Publication : The Journal of cell biology

Meiotic spindle assembly and chromosome segregation in oocytes.

Scientific Fields
Diseases
Organisms
Applications
Technique

Published in The Journal of cell biology - 05 Dec 2016

Bennabi I, Terret ME, Verlhac MH,

Link to Pubmed [PMID] – 27879467

J Cell Biol 2016 Dec; 215(5): 611-619

Oocytes accumulate maternal stores (proteins, mRNAs, metabolites, etc.) during their growth in the ovary to support development after fertilization. To preserve this cytoplasmic maternal inheritance, they accomplish the difficult task of partitioning their cytoplasm unequally while dividing their chromosomes equally.
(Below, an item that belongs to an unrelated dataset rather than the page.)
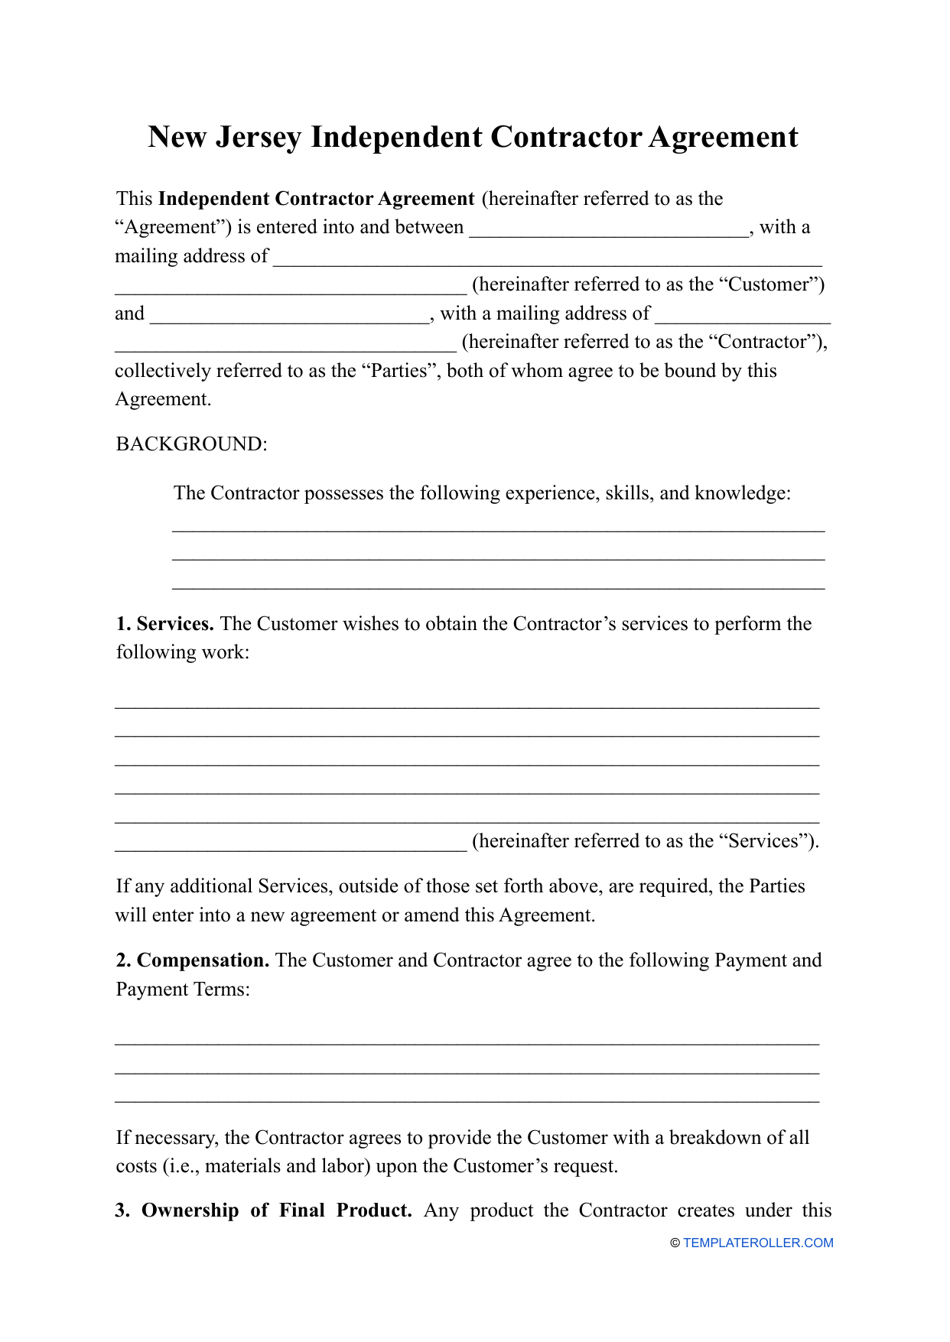 New Jersey Independent Contractor Agreement Template Fill Out Sign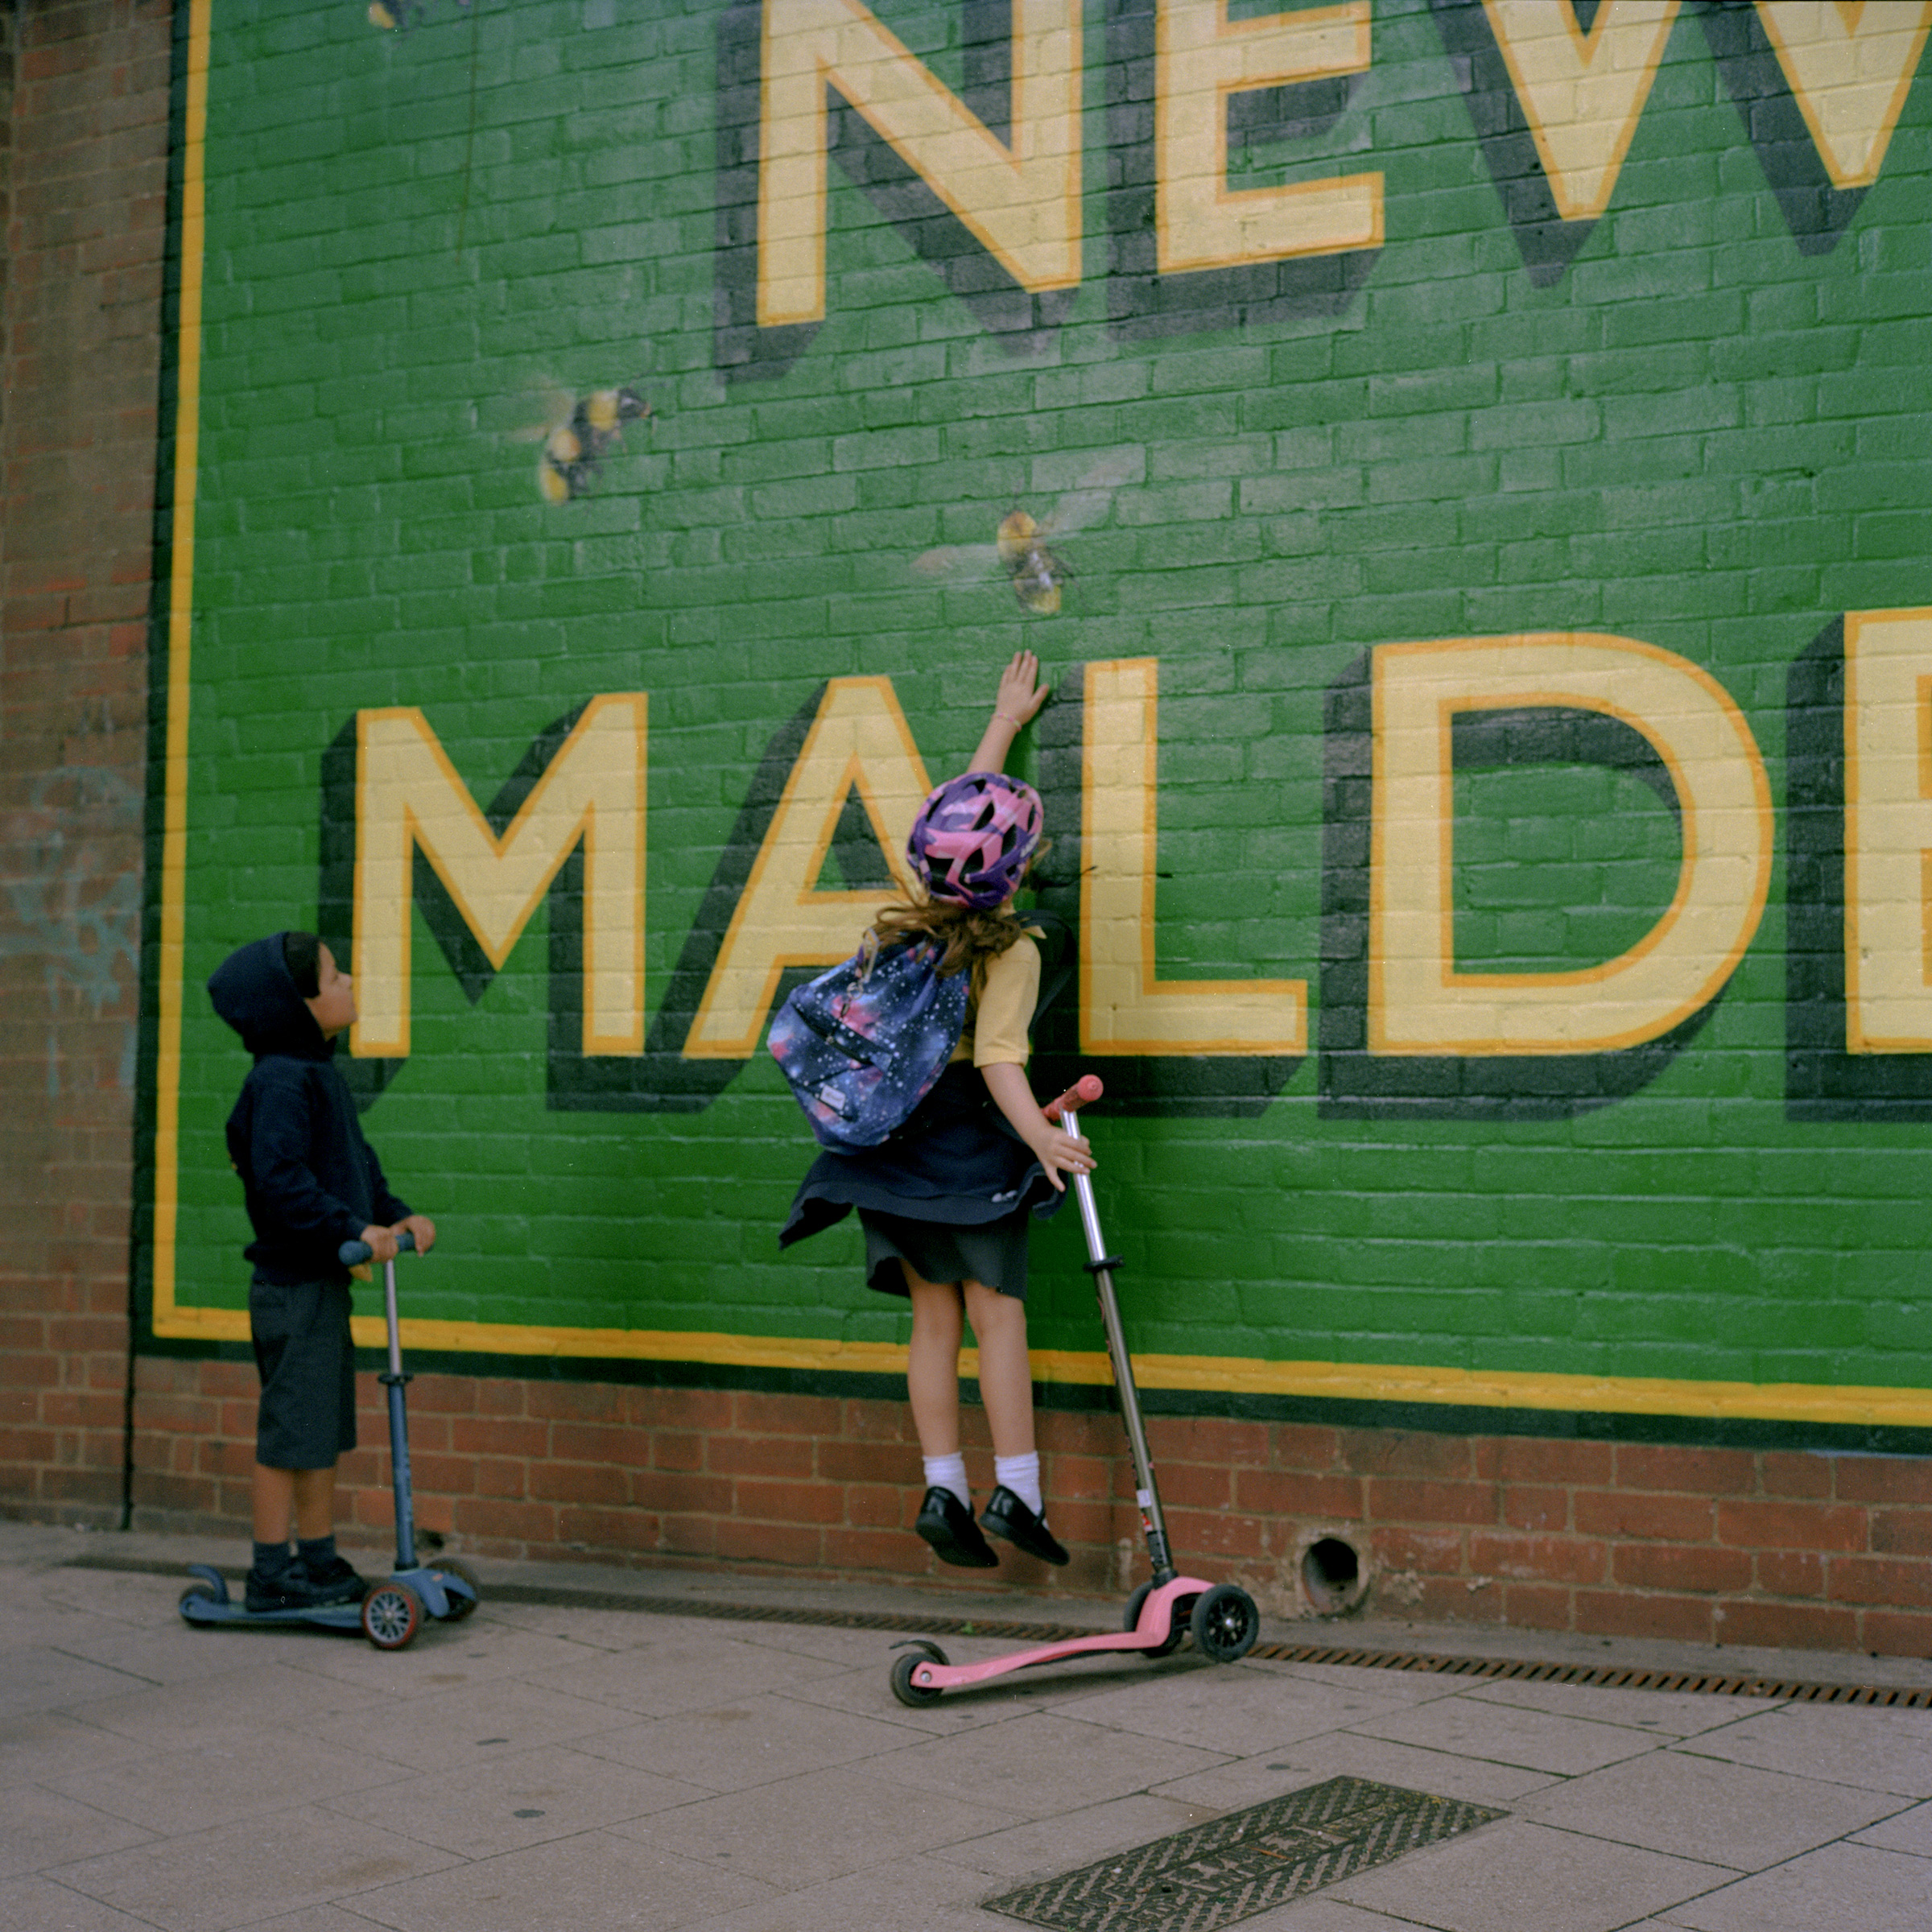 Two children play in front of a mural outside New Malden train station. (Michael Vince Kim for TIME)

Added to this complexity, most oocytes, for reasons still speculative, lack the major microtubule organizing centers that most cells use to assemble and position their spindles, namely canonical centrosomes. In this review, we will address recent work on the mechanisms of meiotic spindle assembly and chromosome alignment/segregation in female gametes to try to understand the origin of errors of oocyte meiotic divisions. The challenge of oocyte divisions appears indeed not trivial because in both mice and humans oocyte meiotic divisions are prone to chromosome segregation errors, a leading cause of frequent miscarriages and congenital defects.